Speaking to Fatuma Emmad about her organization FrontLine Farming in Denver, the listener is immediately put at ease and simultaneously put on their tiptoes, as if missing a single word of what she has to say would be a tragedy.

Emmad, the co-founder, executive director, and head farmer of the food justice and urban farming organization, is one of those rare people who can make her conversational counterpart feel engaged, curious, and a little intimidated all at once. She has a wealth of knowledge and ceaseless passion that flows from her effortlessly.

She spoke with Consensus about the mission of FrontLine Farming, which was formed in 2018 by Emmad, Dr. Damien Thompson, and JaSon Auguste. The group addresses food insecurity, justice, and sovereignty. As she gets a few sentences in, her voice ticks up ever so slightly, and one gets the sense that she could talk about this all day and never tire.

“Frontline Farming is a food justice and farmer advocacy organization. We operate three different farms across about five acres around the Denver region,” Emmad said.

“We are a Black, Indigenous, people of color, and women’s led organizations … and, we also do a lot of their work in policy.”

Photo Courtesy FrontLine Farming

Continuing and outlining how FrontLine Farming serves its community through policy and outreach, Emmad pulls facts and anecdotes from the ether in a way that suggests this is more than an occupation but a calling for her. 

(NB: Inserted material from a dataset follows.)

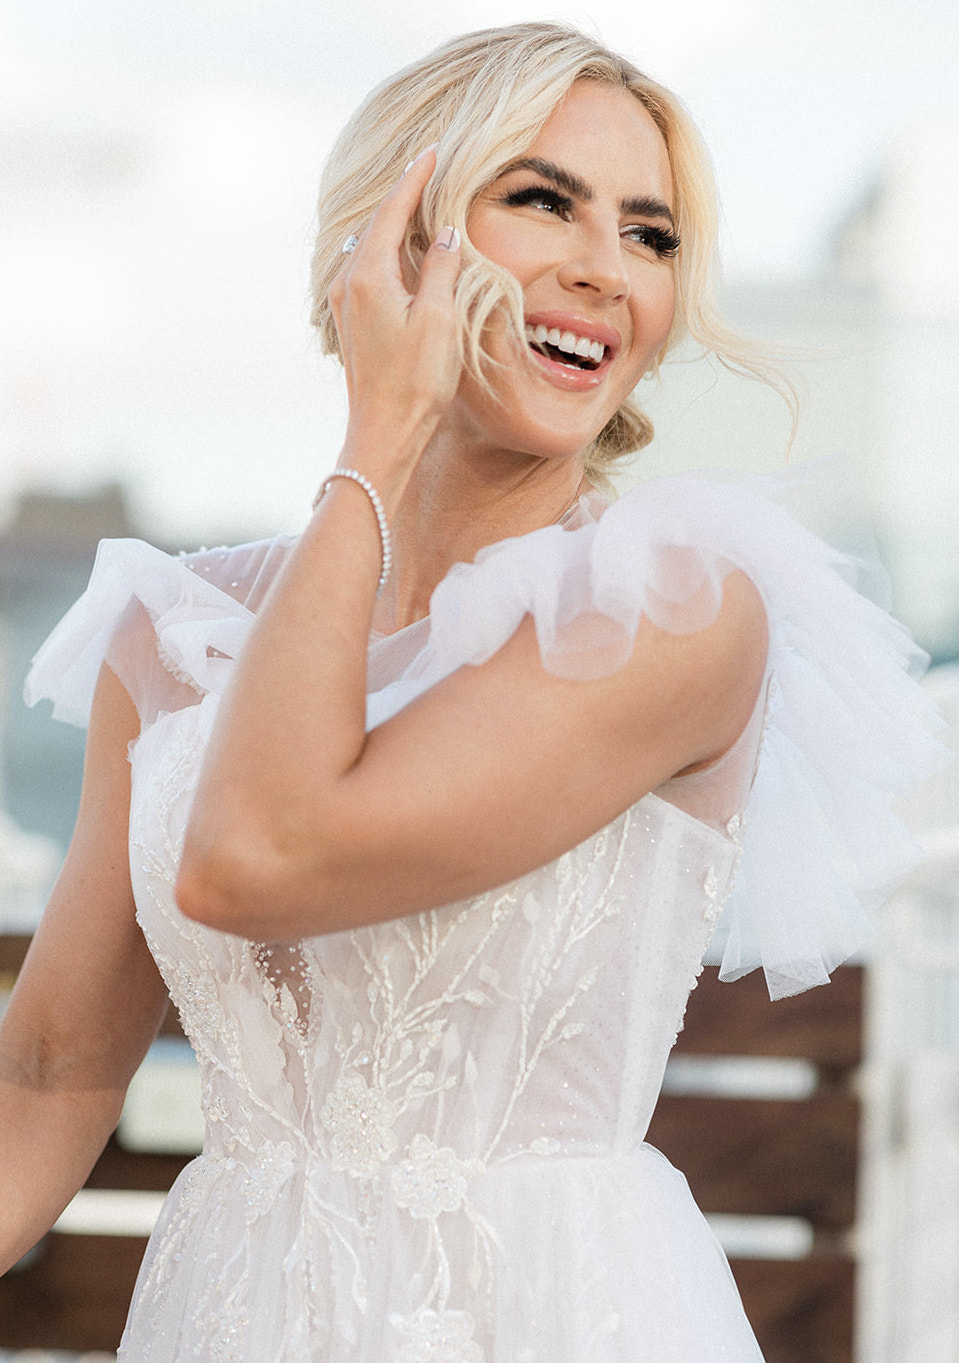 The bride looks to the sky laughing, while wearing a wedding gown with flowers and tulle detailing.

“We actually enroll people in SNAP ourselves. We recognize that any immigrants and a lot of college students, especially during the Trump administration, were scared to access benefits. And in Colorado, we have the lowest enrollment in SNAP,” Emmad said. “So, we go to the pantries we serve as well and get people in the system and follow up and do all that technical stuff, so that’s a pretty cool thing on a food access side.”

Photo Courtesy Frontline Farming

Pivoting back to their main focus, agriculture, for just a moment, Emmad makes it clear that not only is FrontLine Farming an organization focused on the product but also the production. For the group, the producers, especially those of color with different ethnic and geographical backgrounds, are just as important as the food.

“But we, you know, we’re farmers first and foremost, but we also work on behalf of agricultural workers across the state and in 2021 passed the biggest bill in the nation for agricultural worker protections,” Emmad said. “Agricultural workers, over 70% in the United States, are people of color. And they are immigrants.”

In addition to serving the local Denver area through its farms and advocating for agricultural workers’ rights, Frontline Farming focuses on educating people on how to farm themselves.

It also gives voice to marginalized groups who don’t typically have access to this type of education or outlet. These conversations are changing how people think of individuals, especially people of color, immigrants, and women, who may be food insecure.

“Yeah, the biggest, some of the biggest challenges we face is just the narrative that often sees any conversation around food as well, ‘they are in need.’ Sometimes we are made synonymous with being poor,” Emmad said. “But the reality is in the United States that we’re actually the food producers, whether it’s from restaurant workers, ag workers … we’re actually the backbone of this nation.”

Photo Courtesy FrontLine Farming

Emmad quickly says that respect is crucial if someone is interested in entering the community gardening or urban farming space, especially if people are already doing similar things in their communities.

“For people in their very own community, I think it’s important to respect those who are already doing this work. Respect on a daily level those who do this work and find ways to honor that,” she said.

After tying up the conversation with encouragement to home gardeners to engage in greater “seed saving” practices, Emmad sums up her and Frontline Farming’s mission clearly and earnestly in a very simple aside: “Food is what makes nations move.”